About This Malignant Neoplasm of Bladder Study in Cleveland

The goal of this clinical trial is to determine if a partial cystectomy with extended pelvic lymph node removal will be effective at treating Muscle-Invasive Bladder Cancer instead of a complete cystectomy with extended pelvic lymph node removal. This clinical trial aims to determine the safety and oncologic efficacy of the intervention, and to examine patient-reported quality of life outcomes in participants. Participants will receive the standard pre-surgery treatment for approximately 4 to 6 weeks. After the pre-surgery treatment is completed, participants will undergo a partial cystectomy with extended pelvic lymph node dissection.
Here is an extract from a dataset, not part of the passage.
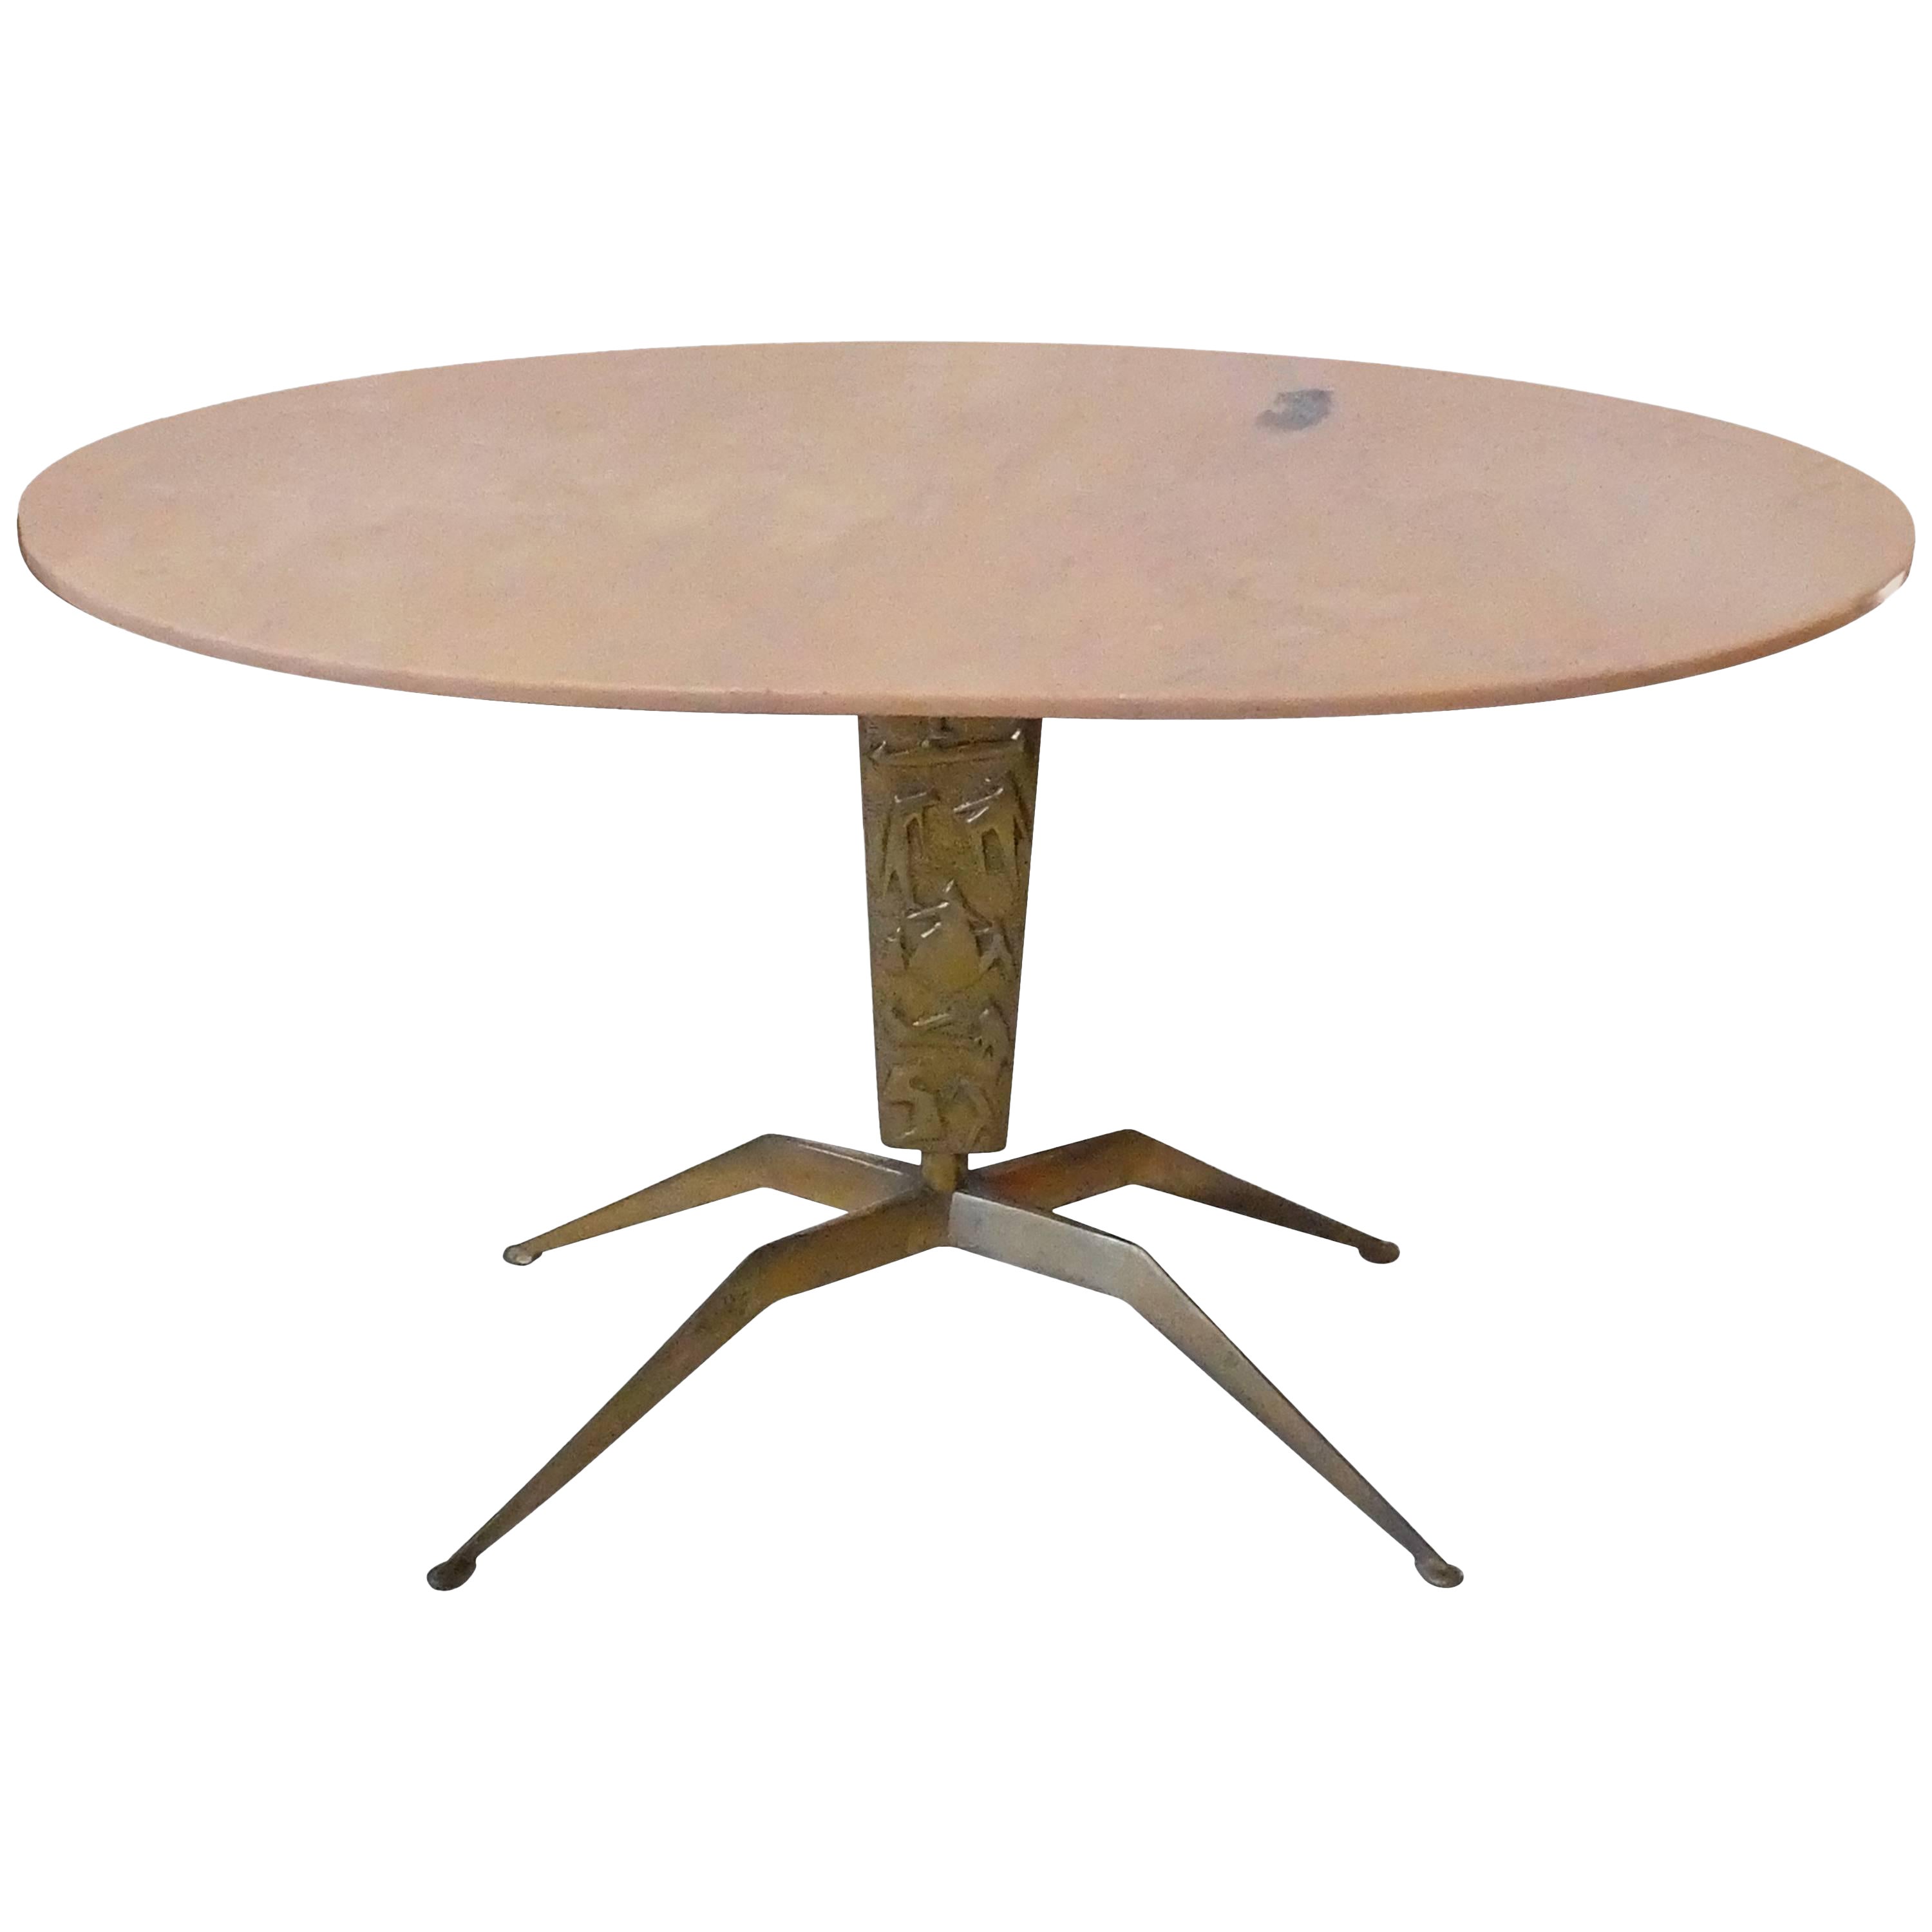 Italian Mid-Century Modern, Oval Marble and Brass Side Table from the 1940s

After surgery, participants will receive adjuvant systemic therapy.

Sponsor: Case Comprehensive Cancer Center

Who Can Participate

Inclusion Criteria

Subjects must have histologically confirmed urothelial carcinoma of the bladder, clinical stage T2-3N0M0. Micropapillary, glandular, squamous, and sarcomatoid histologic variants of urothelial carcinoma are allowed.
Subjects must have unifocal or limited multifocal disease amenable to complete surgical resection with partial cystectomy, as judged by the treating urologic oncologist.
Age \>18 years. Because of the rarity of this disease and limited data on treatment efficacy in subjects 18 years of age, children are excluded from this study.
Performance status - Karnofsky Performance Status ≥70 or Eastern Cooperative Oncology Group (ECOG) performance status Grade 0 or 1.
Subjects must have normal organ and marrow function as defined below:
Total bilirubin within normal limits
AST (SGOT) ≤ 2.5 X institutional upper limit of normal
ALT (SGPT) ≤ 2.5 X institutional upper limit of normal
Bone marrow:
Absolute neutrophil count (ANC) ≥ 1,500/mm3
Platelet count ≥ 80,000/mm3, Hemoglobin ≥ 9.0 g/dL
Subjects must have the ability to understand and the willingness to sign a written informed consent document.
Subjects must have tumor less than or equal to 5 cm in largest dimension as assessed radiographically.
Treatment naive for MIBC.

Exclusion Criteria

Presence of hydronephrosis.
Presence of multifocal disease that is not amenable to complete resection with partial cystectomy.
Presence of distant carcinoma in situ.
Presence of clinical N+ or M+ disease.
Presence of cT4+ disease.
Non-urothelial histology.
Concurrent upper tract (ureter or renal pelvis) or urethral urothelial carcinoma.
Subjects who are not surgical candidates due to competing medical comorbidities or who refuse surgical treatment.
Any condition for which, in the opinion of the investigator, participation would not be in the best interest of the participant (eg, compromise the well-being) or that could prevent, limit, or confound the protocol-specified assessments.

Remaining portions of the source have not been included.